Au-delà des montagnes (Jia Zhangke): la Chine a le mal du pays

Ne cherchez pas de montagnes dans Au-delà des montagnes, vous n’en verrez pas la trace. En leur lieu et place, le film propose l’histoire en trois tableaux – 1999, 2014, 2025 – de la jolie Tao, partagée entre l’amour de ses deux amis Zang – le parvenu ambitieux – et Lianzi – le modeste employé d’une mine de charbon de Fenyang. Pas de montagnes, donc, mais le basculement de la Chine dans le capitalisme sauvage, des mines de charbon aux côtes australiennes en passant par la bourse de Shanghai : la chronologie du mélodrame épouse la temporalité d’une société prise dans les contradictions du développement économique et de la mondialisation.

La solitude des winners

A Touch of Sin s’attaquait sans concession au modèle économique chinois, révélant à la fois les coulisses du miracle, où des hordes d’ouvriers précaires font tourner la boutique pour engraisser des investisseurs taïwanais, et l’émergence d’une classe dominante se vautrant dans un hédonisme à la petite semaine, non seulement vain mais aussi répugnant, puisqu’il ne va pas sans l’objectification et l’exploitation des corps, cette fois-ci à des fins sexuelles. Sous couvert d’un mélodrame qu’on peut au passage s’autoriser à trouver beau et émouvant – Tao reprenant seule, sous la neige, une vieille chorégraphie, les Pet Shop Boys à fond dans ses souvenirs : sortez les mouchoirs –, Jia Zhangke approfondit et renouvelle les mêmes questions, de manière détournée mais pas forcément avec moins de force.
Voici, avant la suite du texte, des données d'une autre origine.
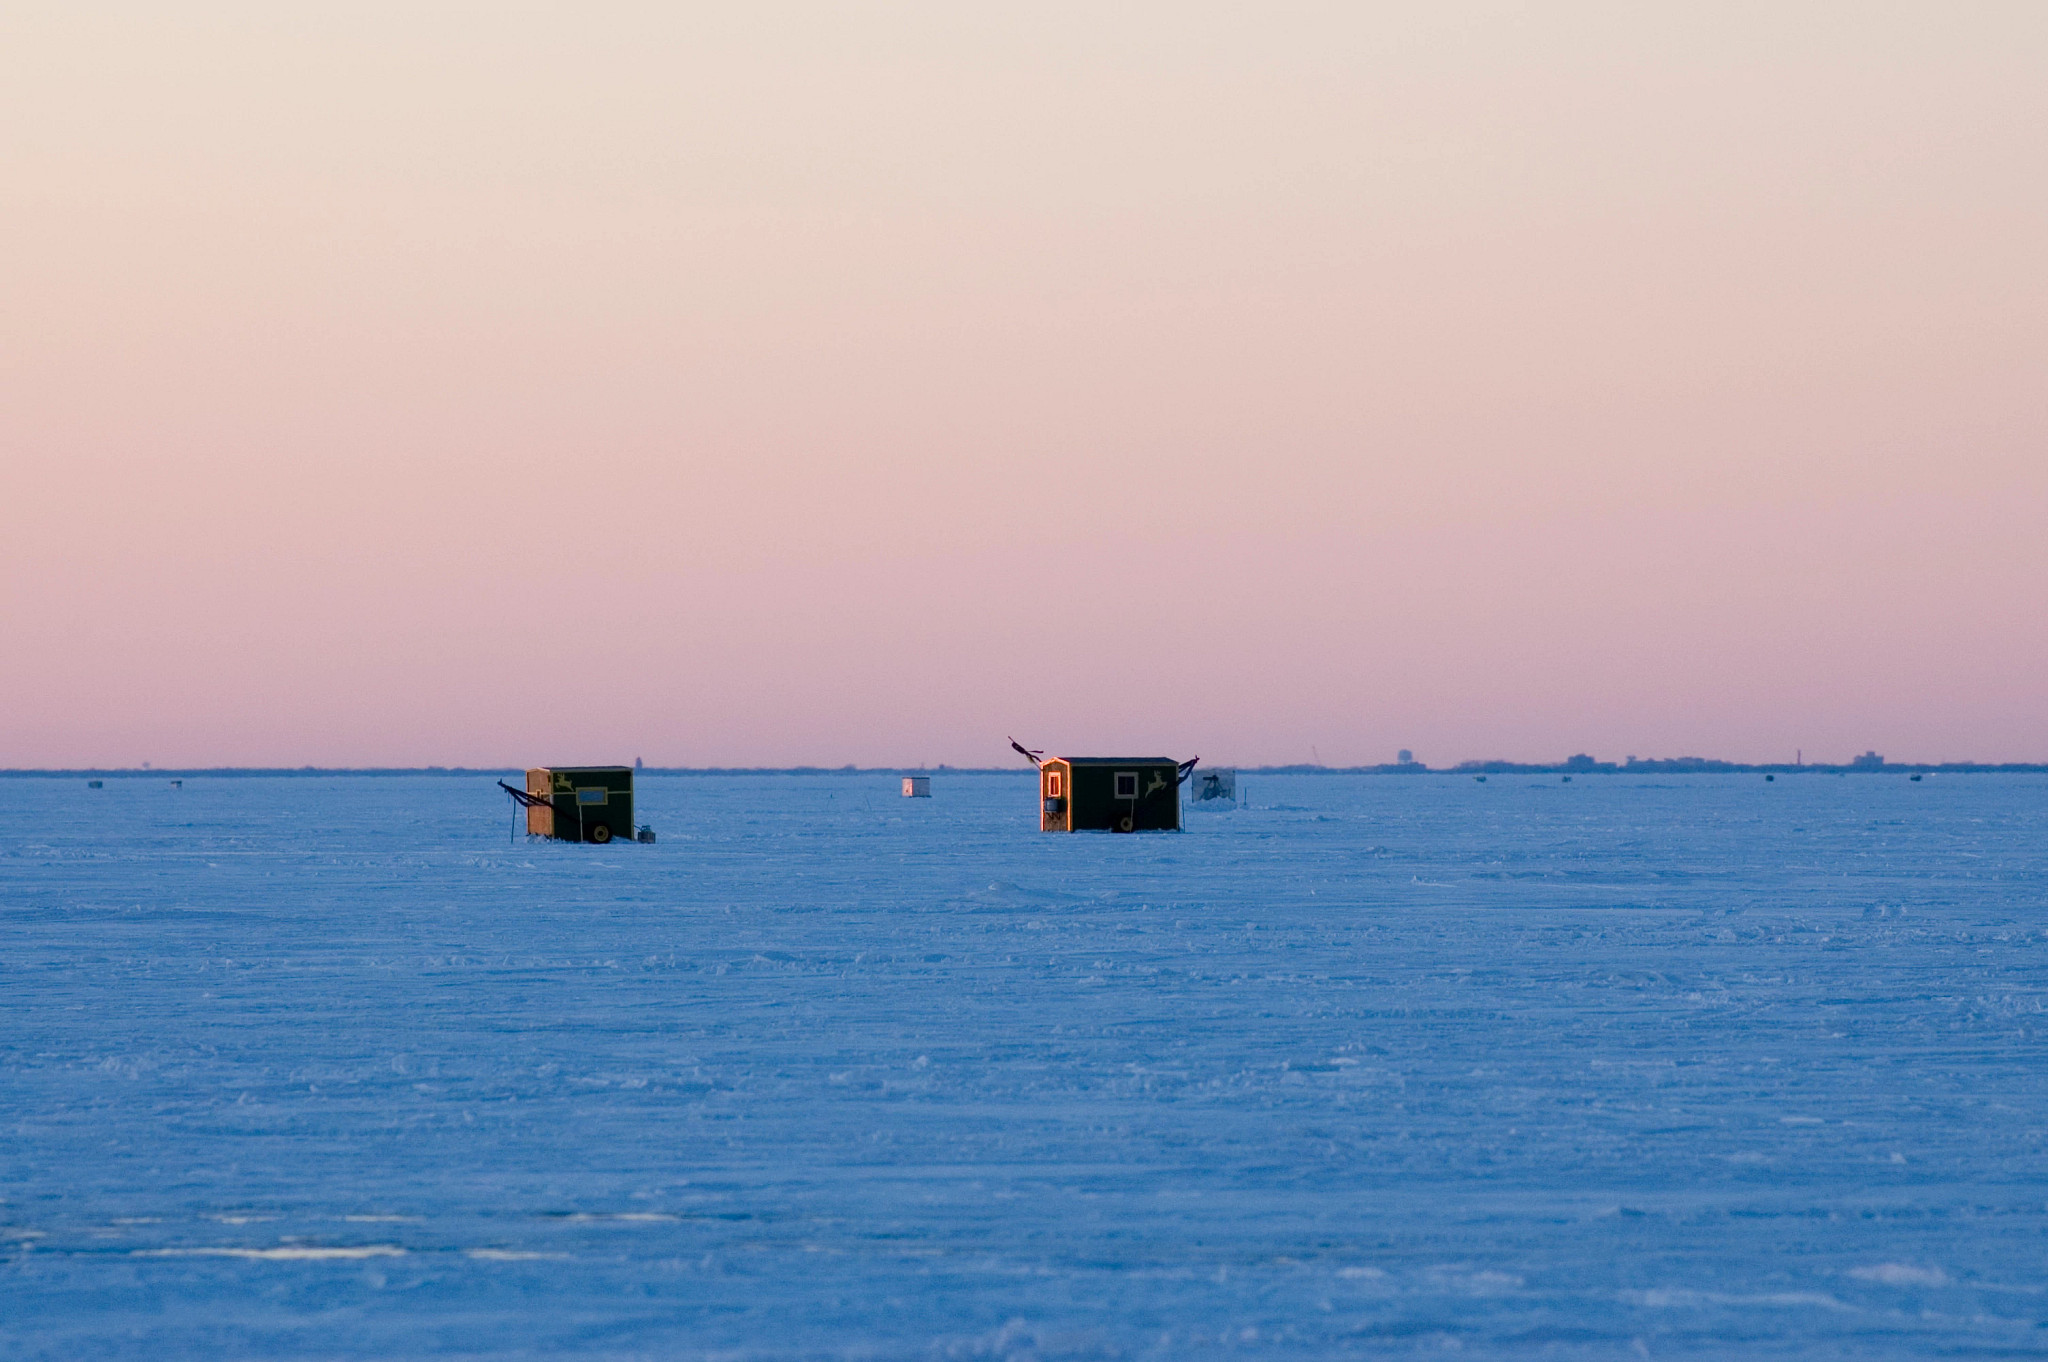 Two ice shanties sitting on the ice around sunrise or sunset.

Au lieu de dénoncer – encore – l’exploitation du plus grand nombre par quelques ambitieux, le réalisateur chinois touche du doigt la vacuité du rêve que poursuivent les seconds, le vide absolu de leur existence vouée à l’enrichissement et à la très illusoire liberté que procure l’argent. Gare à ce que la liberté ne se révèle pas elle aussi une coquille vide, comme doit finir par le constater Zang, rongé par l’ennui et la frustration dans sa villa australienne, au milieu de ses armes à feu qui le protègent de personne.

Le mal du pays

Pourquoi les montagnes du titre, alors ? Parce qu’en chinois, montagnes – et rivières – symbolisent la terre natale : le titre évoque ceux qui, partis de chez eux, souffrent du mal du pays [1]. On s’échappe de Fenyang, où certes tout n’est pas rose et où le plan carré souligne la difficulté des personnages à communiquer et cohabiter. On s’échappe en poursuivant ses rêves : la voiture allemande, l’opulence de Shanghai et la liberté de l’Australie. On s’échappe et le cadre s’élargit une fois, puis une deuxième, en proportion des rêves devenus réalités et de l'horizon qui s'est agrandi. Mais, occupé à courir après la richesse matérielle, on se retrouve avec ses regrets, dans un film qui, comme tous les grands mélodrames, parle de nostalgie, de souvenirs que nous rappellent de vieilles chansons, de mauvaises décisions.

Sans y faire attention, la Chine, comme Tao, passe sous nos yeux du rouge – rouge de la vie qui se consume, de la Chine millénaire peut-être, du maoïsme aussi sans doute – au vert – celui du dollar ? Pas très réjouissant, mais bouleversant.

[1] Sur ce point, mes remerciements vont à mon ami Lei, pour ses très précieux éclaircissements (n'étant moi-même pas encore tout à fait bilingue français-mandarin).